1.14.2006

Some Short Takes on the Long View

A couple of pieces in CounterPunch caught my eye. The first is "A (Short) Congressional Honor Roll" by Dave Lindorff. Clip:
In a legislature full of gutless cowards and corporate bootlickers, that handfull of people of courage who genuinely care that the White House is sucking the life out of the Constitution like a bloated leech should be held up to public acclaim.

So here they are:

On House Resolution 635, calling for formation of a Select Committee, the co-sponsors are Rep. Maxine Waters (D-CA), Rep. Lynn Woolsey (D-CA), Rep. Charles Rangel (D-NY), Rep. Shiela Jackson Lee (D-TX), Rep. Lois Capps (D-CA), Rep. Donald Payne (D-NJ) and Rep. Zoe Lofgren (D-CA).

On H.R. 636, calling for censure of President Bush, the co-sponsors are Rep. Waters, Rep. Woollsey, Rep. Rangel, and Rep. Lofgren.

On H.R. 637, calling for censure of Cheney, the same four co-sponsors of H.R. 636 are joined by Rep. Jackson Lee.

For those who want more information about the bills, I suggest going to CensureBush.org.
But where are folks like Barbara Lee, Barney Frank, Henry Waxman, and Dennis Kucinich????

The other very interesting, 'though at times confusing, CounterPunch article is JoAnn Wypijewski's "What is an Antiwar Movement?" Excerpt:
. . . the political terrain on the left today is desolate, so the fact that a majority of the country opposes the war, and hundreds of organizations across the country act against it is kind of remarkable. Somehow it doesn't seem to be the best tactical approach, given the conditions, to try to destroy that by enforcing a broader agenda from on high. Should these little organizations have fora and debates etc. on the broader issues? Sure. But I don't think there's much useful to come from detailed pronunciamentoes from ANSWER and UFPJ headquarters.

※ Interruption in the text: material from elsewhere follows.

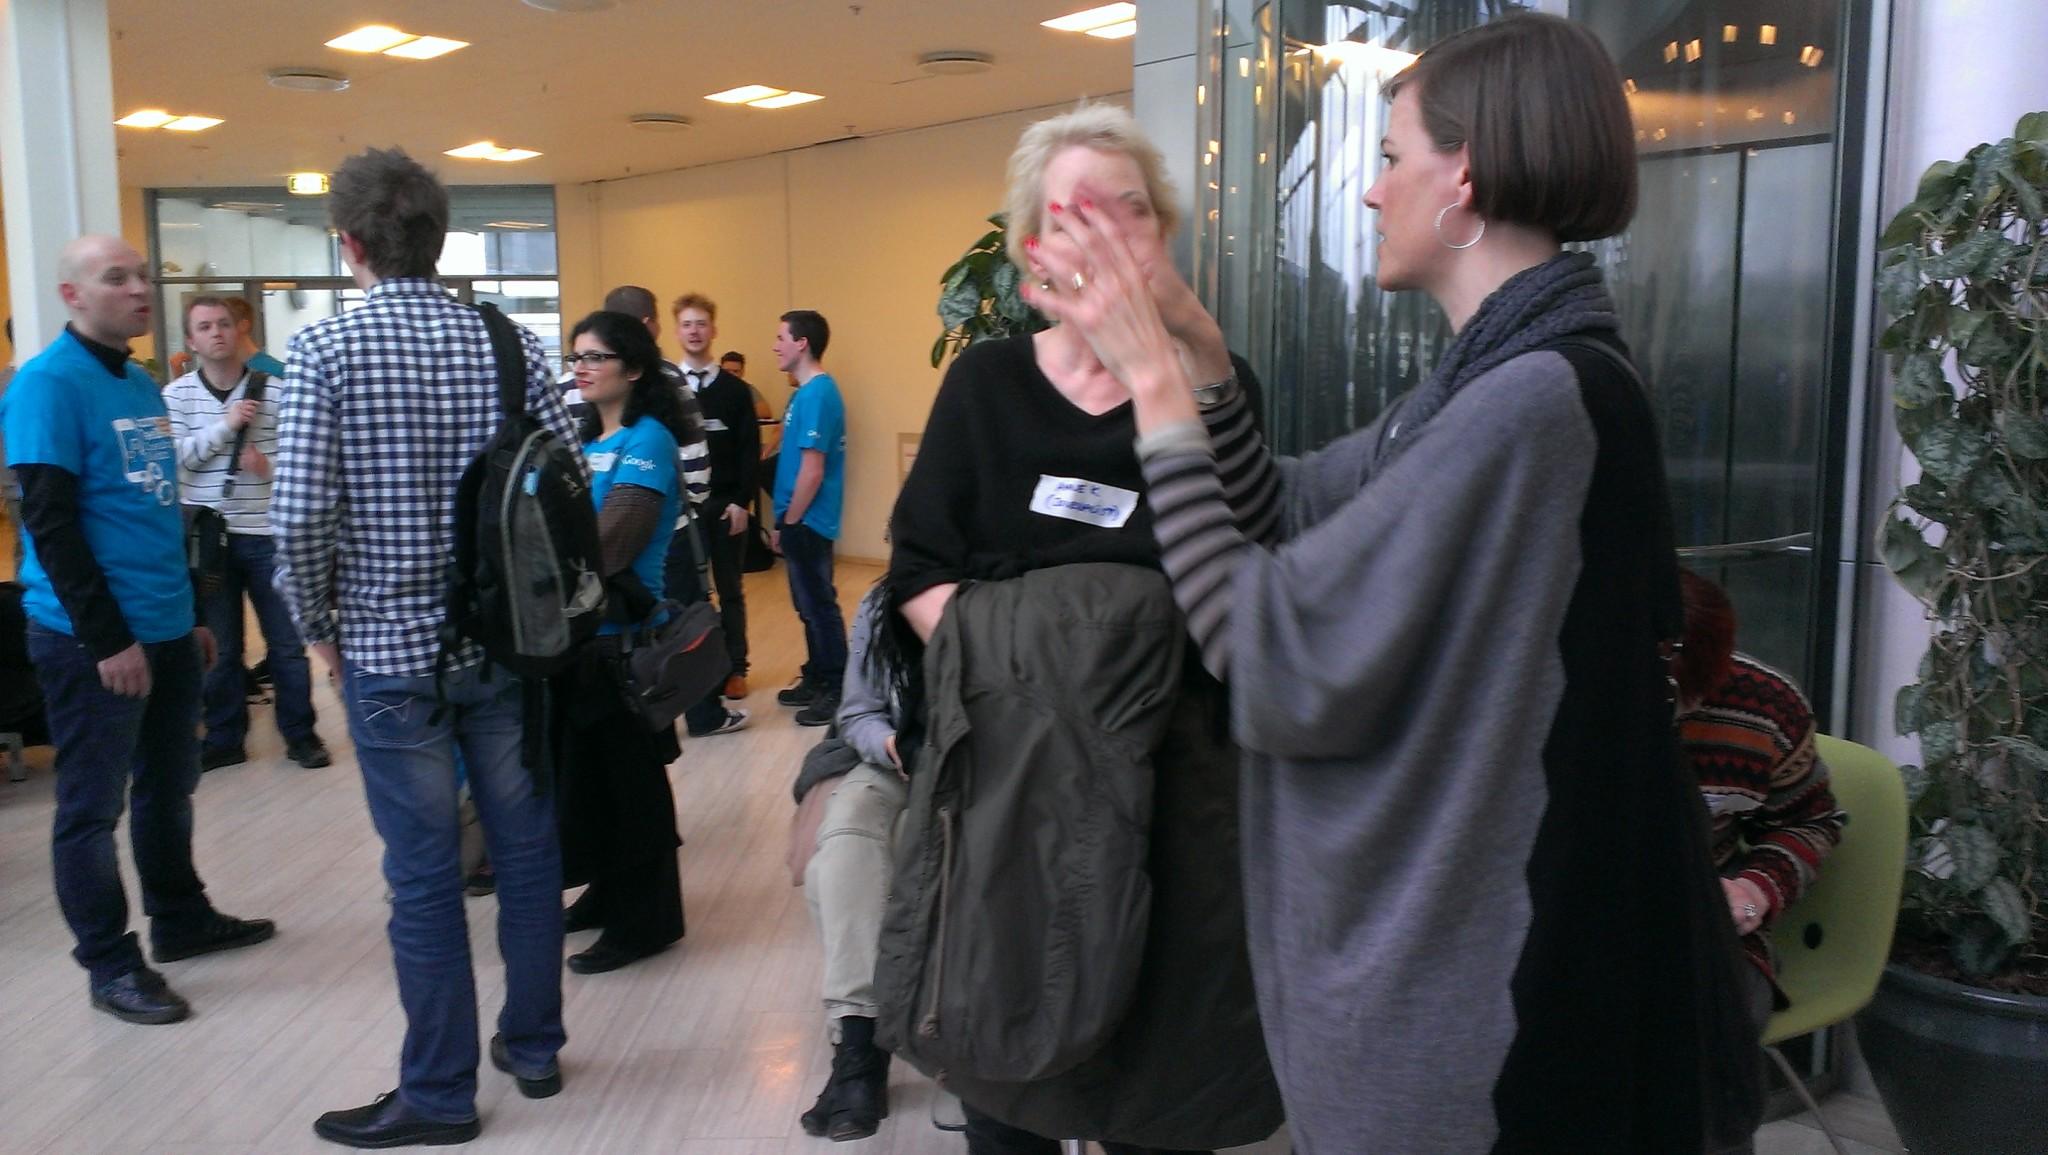 Det glæder deltagerne sig til på swcphmedia

It doesn't seem that we have learned enough about human nature, about exhaustion and despair and false dreams, about the power of the state to kill or dismantle opposition, about the seductiveness of capital and the fruits of co-optation, and about how all of these combine to stop the train at the point of limited liberal reform and then roll back. It would be a really limited victory to force US withdrawal from Iraq. Would it not be a victory? (Lenni Brenner seems to assume that it's only Zionism that's the real hang-up among antiwar forces; when the US leaves Iraq and it becomes a theocratic state that stones women and gays, don't you think there will be recriminations and denunciations among all those peace people now who only reluctantly have come to support the Out Now! position? There are divisions like crazy among people who oppose the war.) It might be a "limited victory" to make every Congress person who supported the war either climb down the way Murtha has or be chucked from power, but would it not be a victory all the same? Would there not be many other battles remaining? The problem is in thinking any victory is final, and therefore in believing every battle must engage every ill for that final victory.
My best find of the day, however, is this Reuters/AOL News story, "Vampire Seeks Job as Minnesota Governor". Giggles and snorts:
"Politics is a cut-throat business," said Jonathon "The Impaler" Sharkey, who said he plans to announce his bid for governor Friday on the ticket of the Vampyres, Witches and Pagans Party . . .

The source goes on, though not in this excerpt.